By forcing the GSEs not to purchase mortgages whose appraisals were ordered by mortgage brokers, they succeed in breaking the impact of self-dealing on property values.

I get pretty annoyed when mortgage brokers say they will go out of business without being able to order the appraisal and it will cost the consumer more. That thought is based on a premise that the appraisal result is influenced by the person ordering it who in turn is paid a commission. Please.

Dave Bigger of a la mode (who makes an awesome appraisal software product) was quite outspoken about this agreement several days before the close of the comment period.

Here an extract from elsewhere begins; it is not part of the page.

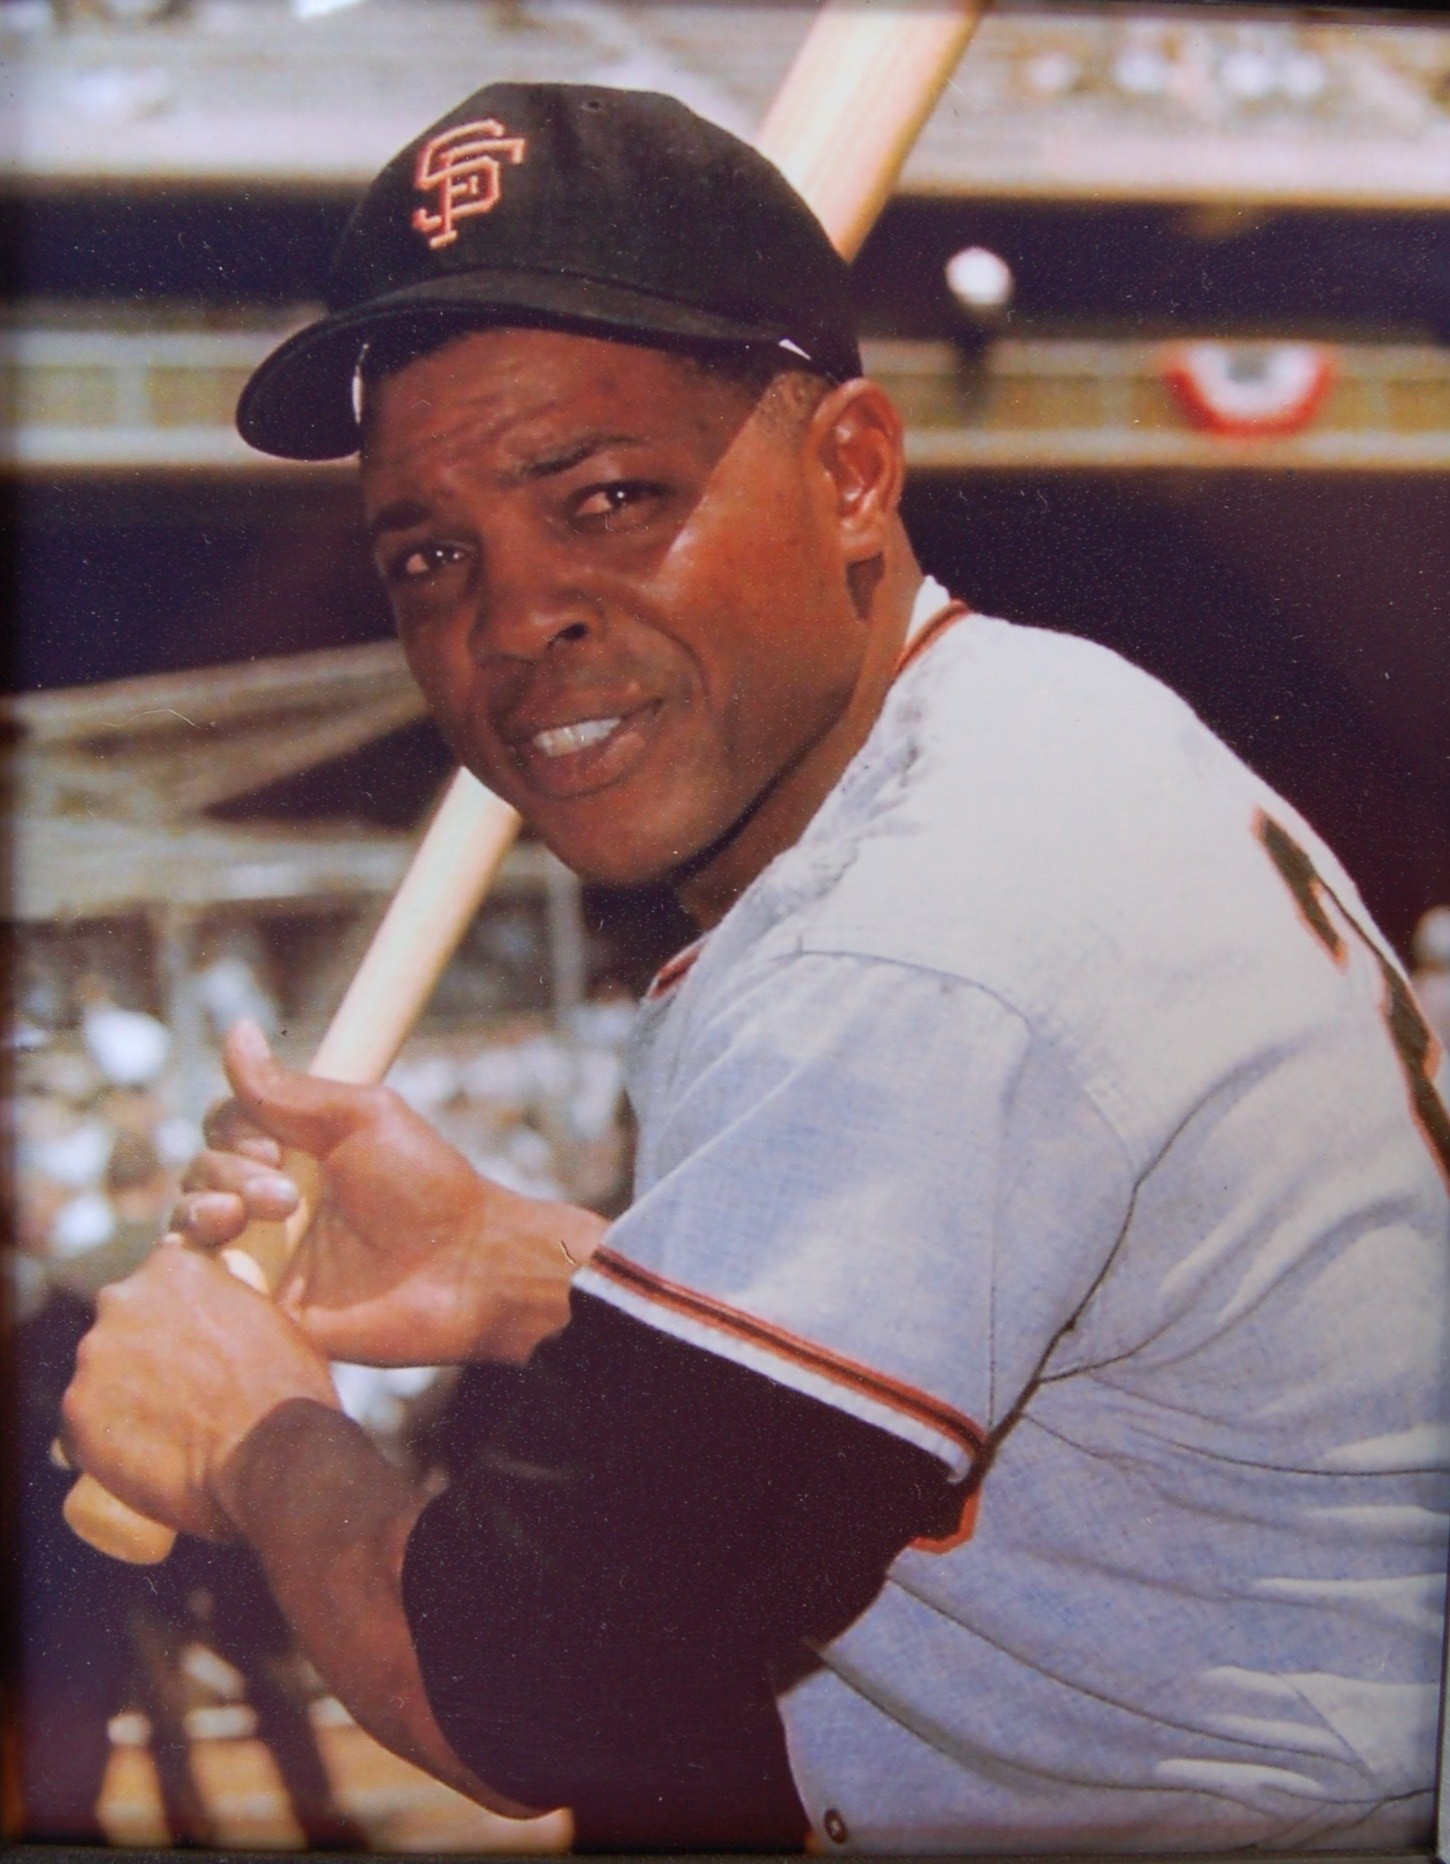 May 25, 1951: Willie Mays makes his major-league debut with Giants

>In case you don’t know yet, the new regulations came out of a lawsuit brought by the New York Attorney General against Washington Mutual and eAppraiseIT, centered on coercion of appraisers.  In a settlement agreement spawned by the suit, the GSEs (Fannie Mae and Freddie Mac), and the Office of Federal Housing Enterprise Oversight (OFHEO) agreed to change national appraisal rules in exchange for the Attorney General’s office terminating its investigation of the GSEs.
Unfortunately, while we believe the agreement has the best of intentions, the hastily written embedded regulations (called the “Home Valuation Code of Conduct”, or HVCC) do not solve the problem and in fact severely punish appraisers, and ultimately consumers.  If there ever was a case of the cure being worse than the disease, this is it.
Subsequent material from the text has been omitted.